Weinstein’s heavy hand continues to this day, sometimes with filmmakers’ voluntary collaboration. In a recent interview about putting together a different international cut of his most recent film “The Grandmaster,” Wong Kar-Wai stated no reluctance about working closely alongside Harvey Weinstein to produce a more linear film with more expository title cards.

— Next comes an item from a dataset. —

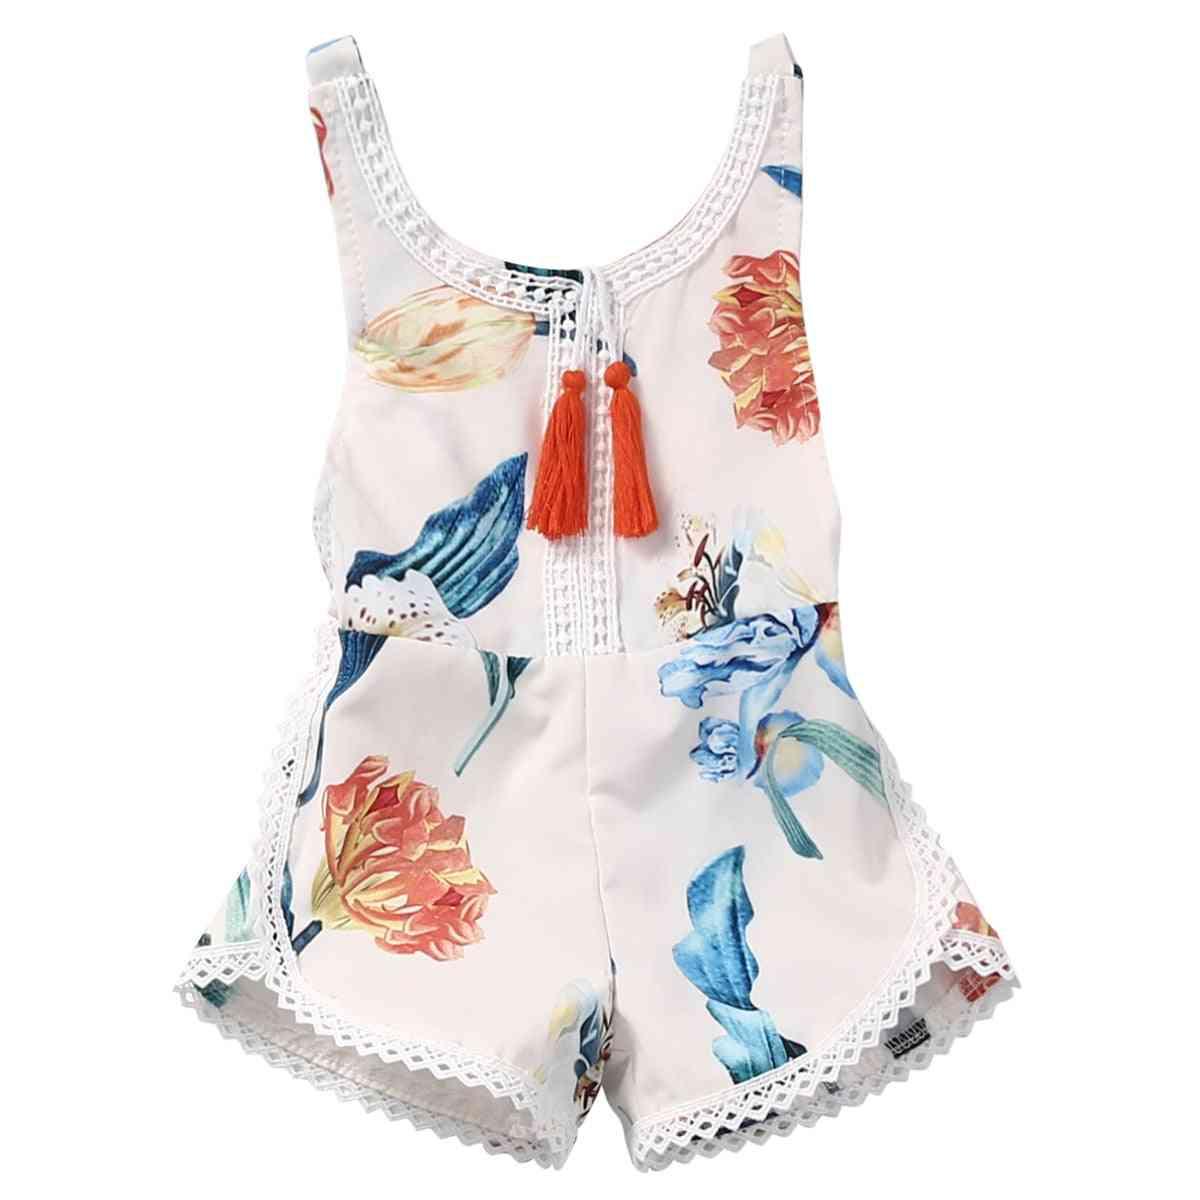 Girls Summer Clothing, Bib Overalls Jumpsuits Flower Print

“‘The Grandmaster’ is very specific,” he said. “Because [non-Chinese viewers] don’t have much information or knowledge about the background and history, you have to give enough information for them to get into the story.” But not all filmmakers are so satisfied, and it’s probably always best to keep in mind Sasanatieng’s takeaway lesson from his experience: “We were too innocent. We believed that they would respect our work. They told us again and again that everybody at Miramax loved the film so much.”